BMW Group's Cloud Efficiency Analytics (CLEA) team developed a serverless data transformation pipeline using Amazon Athena and dbt to optimize costs and increase efficiency.
Initially facing challenges with schema complexity and high query costs, the team adopted Athena, dbt, AWS Lambda, AWS Step Functions, and AWS Glue for enhanced development agility and processing efficiency.
The architecture includes around 400 dbt models, integrates seamlessly with GitHub Actions workflows for automation, and employs incremental loads for better performance and schema management.
The solution is organized into three stages—Source, Prepared, and Semantic—each serving a specific purpose in the data transformation process.
Dbt's SQL-centric approach, documentation capabilities, testing framework, and dependency graph have significantly improved the team's agility in modeling and deployment.
The use of Athena workgroups, QuickSight SPICE, and effective partitioning strategies have contributed to scalability and cost-efficiency in the data transformation pipeline.
The architecture has reduced operational overhead, enhanced processing efficiency, and provided significant cost savings through optimized query executions and materialization patterns.
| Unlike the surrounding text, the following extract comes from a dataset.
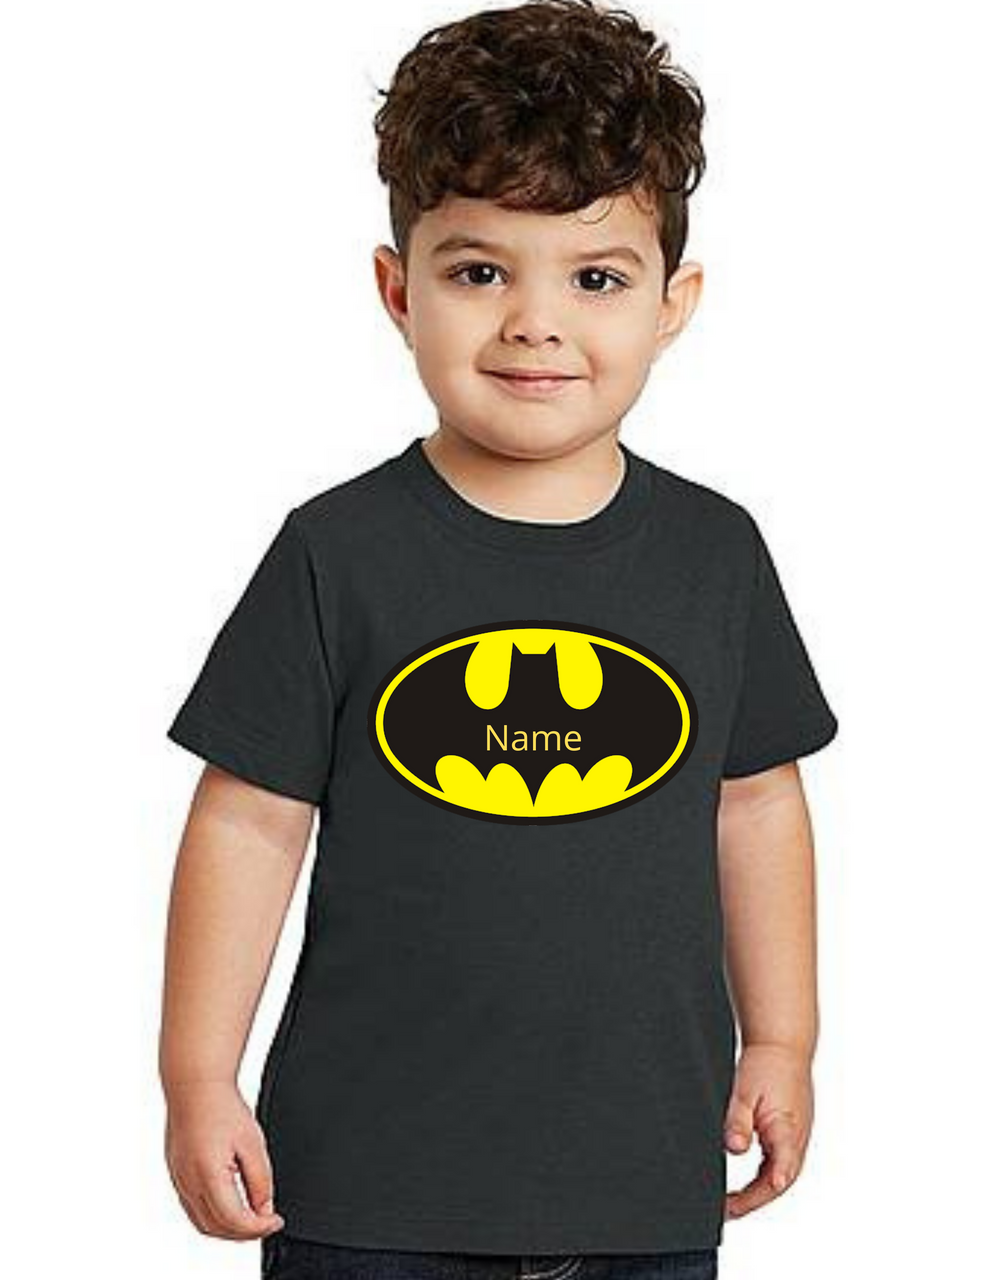 Roma Boy Batman theme T-shirts kids T-shirt, bday tshirts, Boy's tshirts

With Athena's serverless model and dbt's incremental processing, the team achieved rapid model development, streamlined deployment, and improved data processing accuracy.
The architecture is ideal for teams looking to prototype, test, and deploy data models efficiently while maintaining high data quality and reducing resource usage.
The adoption of dbt and Athena enables BMW Group to manage growing data volumes effectively, optimize resource allocation, and achieve cost savings through efficient data processing approaches.
This serverless architecture is recommended for teams aiming to accelerate data model deployment, enhance cost efficiency, and ensure accurate, high-quality data processing.